While the noun roots belongs to different scientific fields (astronomy, botany, mathematics and algebra), the adjective radical denotes “the origin, the principle of something”. In 1694, the Dictionnaire de l’Académie française provided this telling example: “Lumiere radicale, La lumiere d’un corps qui est lumineux par luy-mesme” (“Radical light, the light of a body luminous by itself”). Jonathan Israel used this term in his book Radical Enlightenment to re-think a critical intellectual movement that would range from Descartes and Spinoza to Pierre Bayle, who was the dominant thinker of the 18th century. Although the term radicalism did not appear until the 19th century, its political meaning can be traced back to the 17th century. If radicality has a light of its own, it also implies a movement which refuses to turn back; a firmness, if not an inflexibility, which risks revolutionary violence.

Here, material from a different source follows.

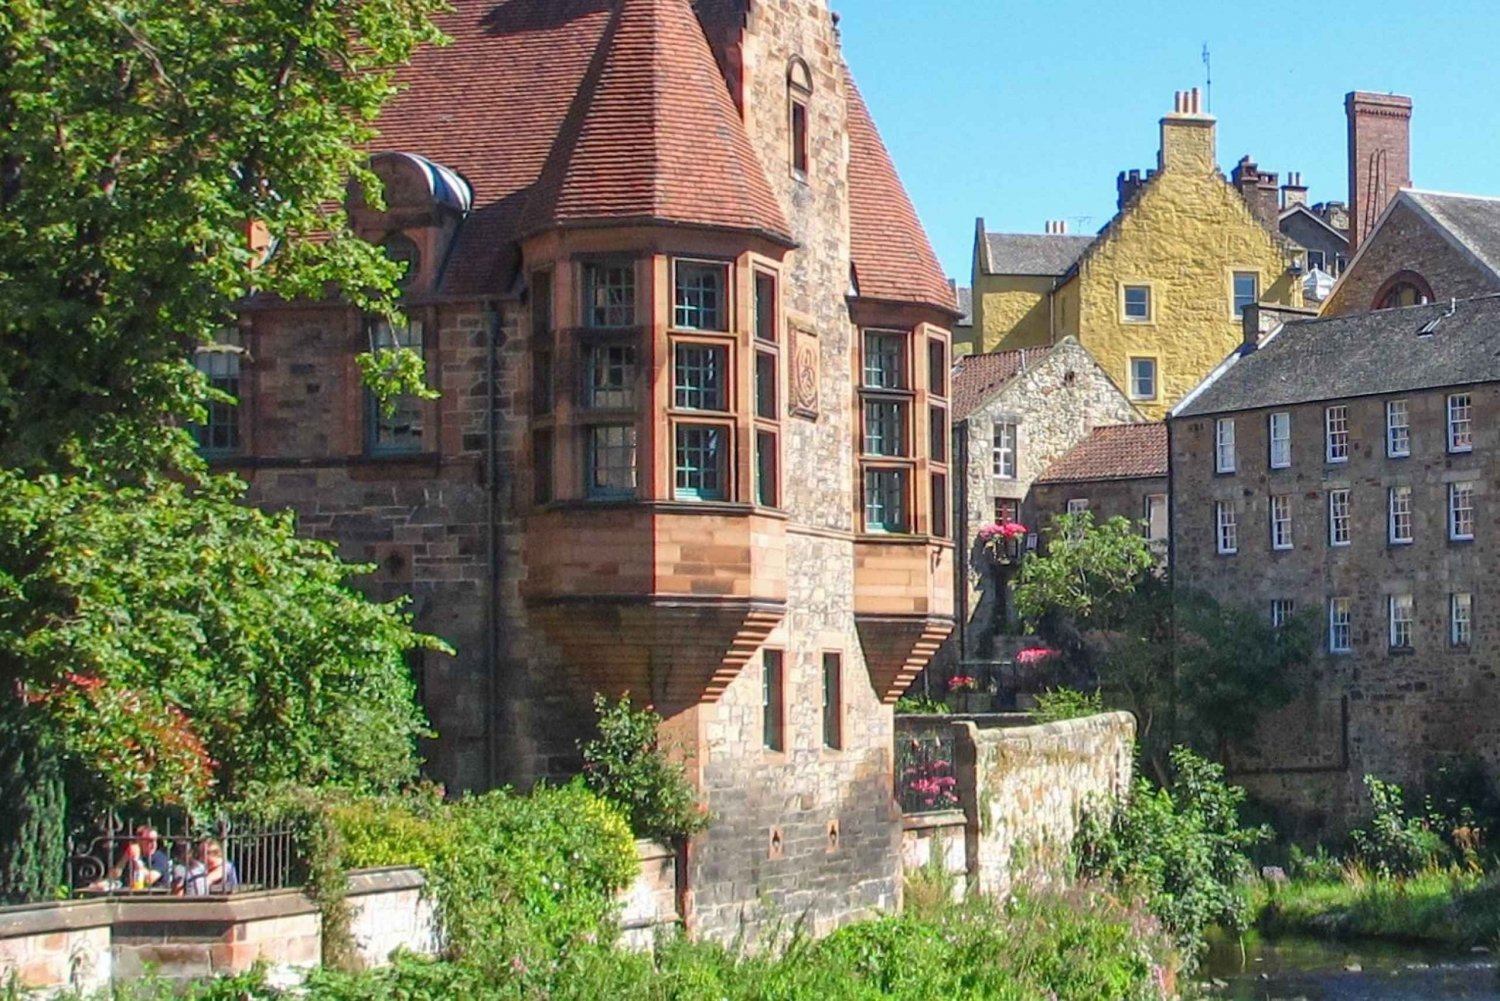 Edinburgh's Dean Village: Een audiotour met zelfbegeleiding

While the Philosophes’ texts might be seen as rejecting any form of radicalism, given their desire to move people’s consciences towards greater tolerance, the very existence of radicality is a central feature of their texts, which follow in the tradition of the libertines of the great century, as shown, for example, by Claude Morilhat’s La Mettrie: un matérialisme radical and the book Les Lumières radicales et le politique edited by Marta García-Alonso.
Writers of the period seemed to foresee the revolutionary movement. They illustrated this concept both through the themes they tackled and the positions they sometimes vehemently took. This was true of Denis Diderot, who, in his later works, took an increasingly radical view of the social and political upheavals of the 1770s and was not afraid to praise the book "qui fait naître des Brutus" ("which gives birth to Brutus"). His political stance and his support for "the insurgents in America" were evident in his contributions to Abbé Raynal’s Histoire des deux Indes.“…”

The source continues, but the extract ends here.